It’s taken all of… *checks notes* …an inning of Spring Training for something to happen leading New York Yankees ace Gerrit Cole to meltdown.

We’ve seen it before when the Yankees and Blue Jays square off, too, like in August 2022, when he and Alek Manoah beefed a day after Cole gave up four runs to the Jays.

“If Gerrit wants to do something, he can walk past the Audi sign [painted on the grass] next time,” Manoah said about the incident.

The most recent one, however, came on Friday night when Cole took offence to a 370-foot home run he allowed to Daniel Vogelbach in the first inning of a Spring Training game between the two sides. After retiring the first two Jays batters on three pitches, he coughed up a line drive single to Davis Schneider, before Vogelbach stepped to the plate.

Cole didn’t offer up much at first. His first of four pitches was well inside for a ball, while a well-off-the-plate cutter was called a strike. Pitch three, a four-seam fastball, just kissed the bottom of the zone for a ball. Pitch four was the money maker for Vogelbach, as Cole left a 96.1 MPH four-seam fastball on the inside edge of the plate, right in the middle of the zone.

That ball went 102.8 MPH off Vogelbach’s bat, and blistered to right field.

Vogelbach enthusiastically dropped his bat, something Yankees manager Aaron Boone called a bat flip that was “in the arena” of competition, before trotting the bases at a speed which you would expect from any player who just sent one to the seats.

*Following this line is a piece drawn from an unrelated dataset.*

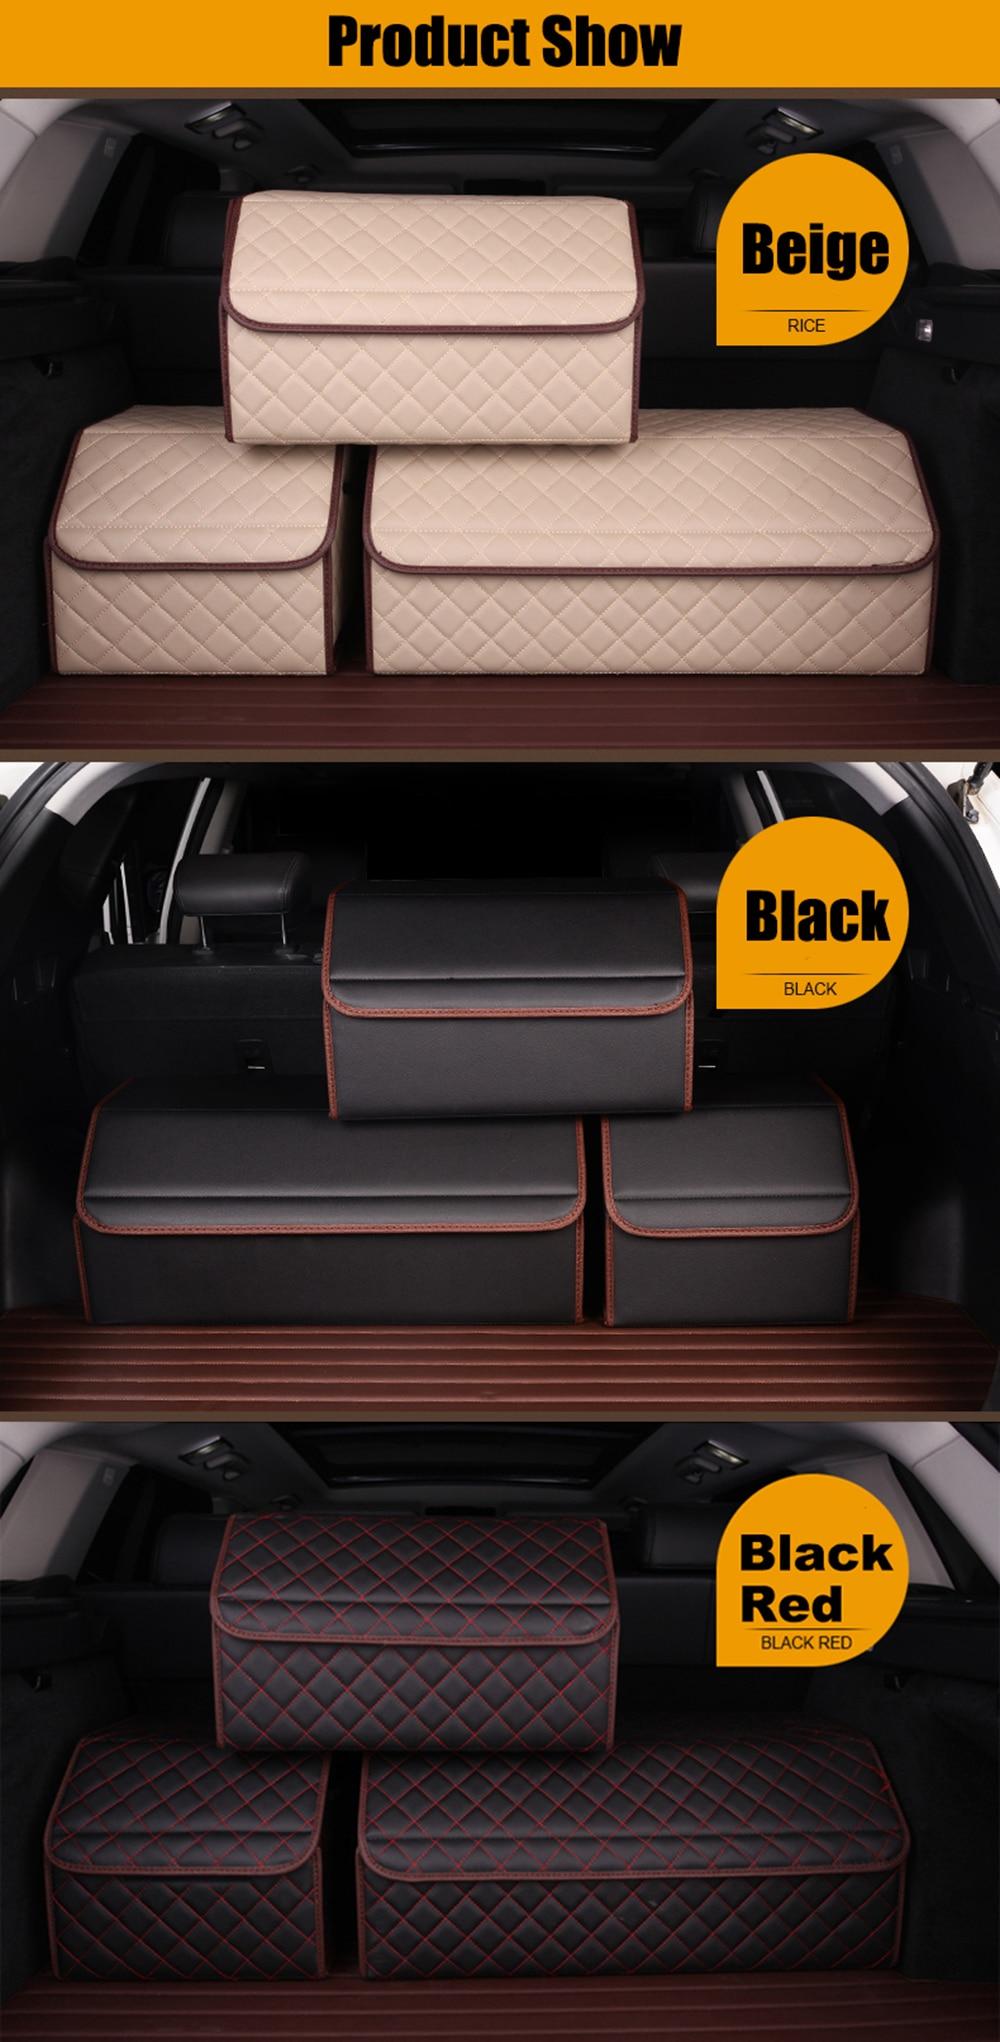 Big Organizer Box for Cars

Cole? Well, let’s say he wasn’t so enthused about it.

“Yeah, what’s the day? Are we still in February? March 1st?,” Cole quipped, via MLB.com’s Bryan Hoch. “Yeah, he enjoyed that homer.”

And when asked if he would remember Vogelbach’s trot, he replied, “I don’t forget a lot of things.”

Okay Gerrit.

Taking aim at a guy who just signed a minor-league deal and is in Spring Training on an invite — coupled with the fact he’s known as one of the league’s few pure power hitters that can’t do much else — and the comments make Cole look plain silly.

Right after Vogelbach’s home run, he allowed a blistering triple to Ernie Clement and got pulled out of the game instead of Boone letting him get the final out of the first inning. Cole would return to knock out four of the next Jays batters before his day ended in the top of the third.

Who knows. Maybe some of Cole’s frustration stems from that, too.

Nonetheless, the drama between the Jays and Yankees is picking up sooner than anyone expected, and you won’t hear many complain about that.